The findings of the present investigation show that changes in muscle loading cause modifications in expression of myostatin mRNA and protein in fully differentiated muscle. The elevation of myostatin expression during muscle unloading and its decrease during reloading are consistent with previous interpretations of myostatin’s function in developing systems that have demonstrated a negative influence of myostatin on muscle hypertrophy and hyperplasia (1) . Note that developmental events including satellite cell activation, formation of new myotubes, and renewed expression of genes that are normally expressed during development also occur with reloading (16) , when myostatin expression decreases. This suggests that similar mechanisms may underlie myostatin’s influence on muscle mass in developing and fully differentiated tissue.

Although the results presented here show that changes in muscle mass are accompanied by reciprocating changes in myostatin expression, the occurrence of significant elevations of myostatin expression during modified muscle loading is not sufficient to cause significant loss of muscle mass. This conclusion is supported by the finding that animals subjected to prolonged periods of muscle unloading with intermittent muscle loading experienced no significant loss of muscle mass, but showed significant increases in myostatin concentration. Thus, either the increase in myostatin expression that occurs in unloaded muscle subjected to intermittent loading is not sufficient to produce detectable mass loss or other variables override the potential regulatory influence of myostatin on muscle mass during modified muscle use.

Recent findings (5) showing that myostatin-immunoreactive protein is present at higher concentrations in the serum and muscle of HIV-infected men has suggested that myostatin may also play a role in the pathological wasting of muscle. However, the relationship between myostatin-immunoreactive protein and myostatin has not yet been established. The antibody recognizing myostatin-immunoreactive protein was generated against a peptide present in the mature or active domain of myostatin, and was shown to bind to 26 kDa polypeptide in immunoblots. However, SDS-PAGE under reducing conditions of murine myostatin expressed in CHO cells shows the active myostatin peptide migrates at a mass of ~15 kDa (1) . It has been speculated that the mass discrepancy between myostatin and myostatin-immunoreactive protein may be due to differential processing and glycosylation of the human form of the protein (5) . Alternatively, anti-myostatin immunoreactive protein may recognize a nonmyostatin protein.

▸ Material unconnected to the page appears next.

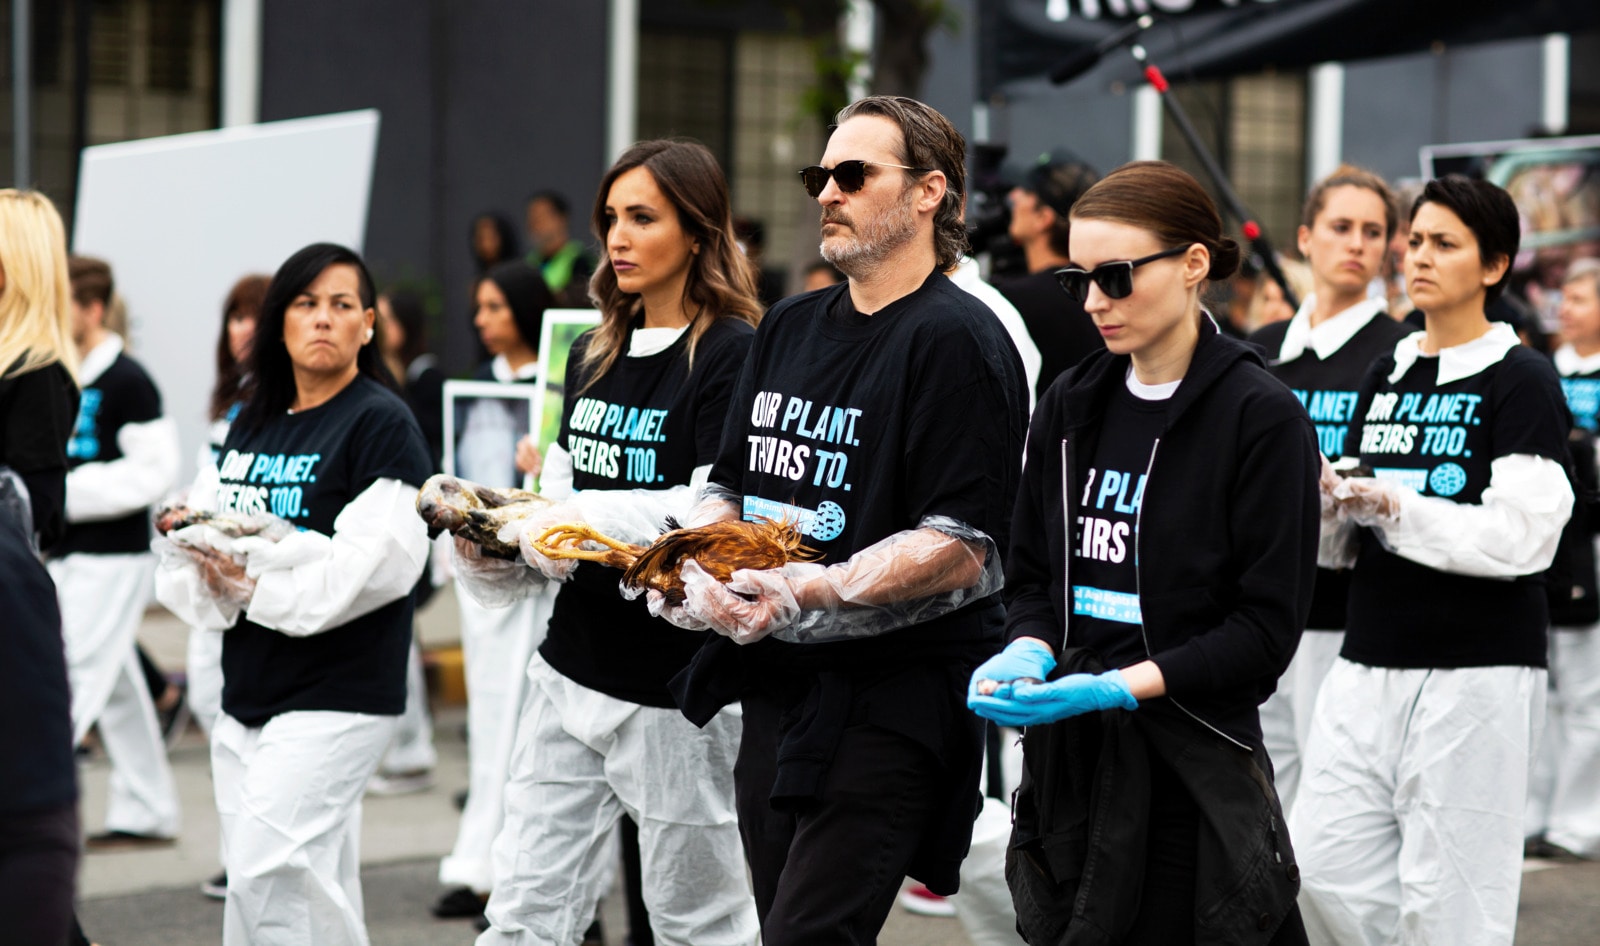 Joaquin Phoenix and Rooney Mara March for Animal Rights

For example, the peptide used to generate anti-myostatin-immunoreactive protein is highly homologous to a sequence in mature GDF-11, another TGF-ß superfamily protein (17) . Although the presence of GDF-11 in skeletal muscle has not yet been confirmed, it is expressed in a number of other tissues that may potentially secrete the protein into serum, thereby creating the possibility of cross-reactivity with anti-myostatin-immunoreactive protein.

The antibody used in the current study was generated against a unique peptide present in the precursor, or latent domain, of myostatin. Although it was anticipated that the antibody used in the present investigation would recognize both the latent domain of cleaved myostatin at 37 kDa and the intact precursor at 52 kDa, only a 37 kDa polypeptide was identified. This may indicate that the intact precursor is not present in the tissue or, more likely, that sample processing for Western analysis dissociated the intact complex. Dissociation of active and latent peptides of other members of the TGF-ß superfamily by chaotrophic agents such as SDS has been demonstrated previously (18 , 19) . We have been unable to confirm this speculation experimentally because the anti-myostatin used here appears to recognize the antigen only under denaturing and reducing conditions; it has not been used successfully for immunoprecipitation or affinity chromatographic isolation of either the latent or intact myostatin. Presumably, the binding of the antibody to myostatin in tissue sections occurs because acetone fixation and peroxide treatment denature the protein and thereby expose the epitope to which the antibody binds.

The higher concentration of myostatin mRNA (ref 6 ; present investigation) and myostatin protein (present investigation) in fast-twitch muscle than in slow twitch muscle indicates that myostatin’s function is likely to be more prominent in fast muscle. In addition, the present finding that the molecular mass of myostatin differs in plantaris and soleus muscles, suggests that there may be fiber type-specific, posttranslational modifications in myostatin that relate to fiber type-specific functions. Modifications in myostatin glycosylation may underlie the observed mass differences because glycosylation is a common posttranslational modification in TGF-ß superfamily members (20 , 21) . An intriguing hypothesis put forward by Carlson et al. (6) that may relate to the elevated expression in fast-twitch muscles is that myostatin may function as an inhibitor of satellite cell proliferation. This speculation is supported by several previous observations that include 1) myostatin null mutants display muscle hypertrophy and hyperplasia (1) , both of which may relate to elevated satellite cell activity, 2) hind limb unloading causes suppression of satellite cell proliferation (22) , which would coincide with increased myostatin expression, and 3) fast-twitch muscles have lower concentrations of satellite cells (23) , which would coincide with the higher level of expression of myostatin in fast muscle. If myostatin is found to function in regulating satellite cell proliferation and activity, the protein’s elevated concentration at MTJs, where satellite cells are also present in high numbers (24) , may reflect that function.

An additional possibility that may underlie the elevated concentration of myostatin at MTJs is that this may reflect the elevated concentration of myostatin ligands at these sites. Proteins in the TGF-ß superfamily are typically stored in an inactive form in the extracellular matrix (ECM) after their processing and secretion (25) . Release of these proteins from the ECM is thought to lead to their activation. For example, TGF-ß1 is bound in an inactive form to collagen IV and fibronectin and is activated upon release (19 , 26 , 27) . The interaction between TGF-ß1 and the ECM is mediated by LTBP (latent TGF-ß1 binding protein), which associates with the latent domain of TGF-ß1 via disulfide bonds and the ECM via other covalent interactions (19 , 27) . The structural similarities between other TGF-ß superfamily proteins and myostatin suggests that a similar regulatory mechanism may exist for myostatin. If myostatin binds the basement membrane in a manner similar to TGF-ß1, one would expect to see concentration of the protein at the MTJ due to folding of the basement membrane at this site. Additional studies in this area will contribute to understanding the regulation of myostatin activity.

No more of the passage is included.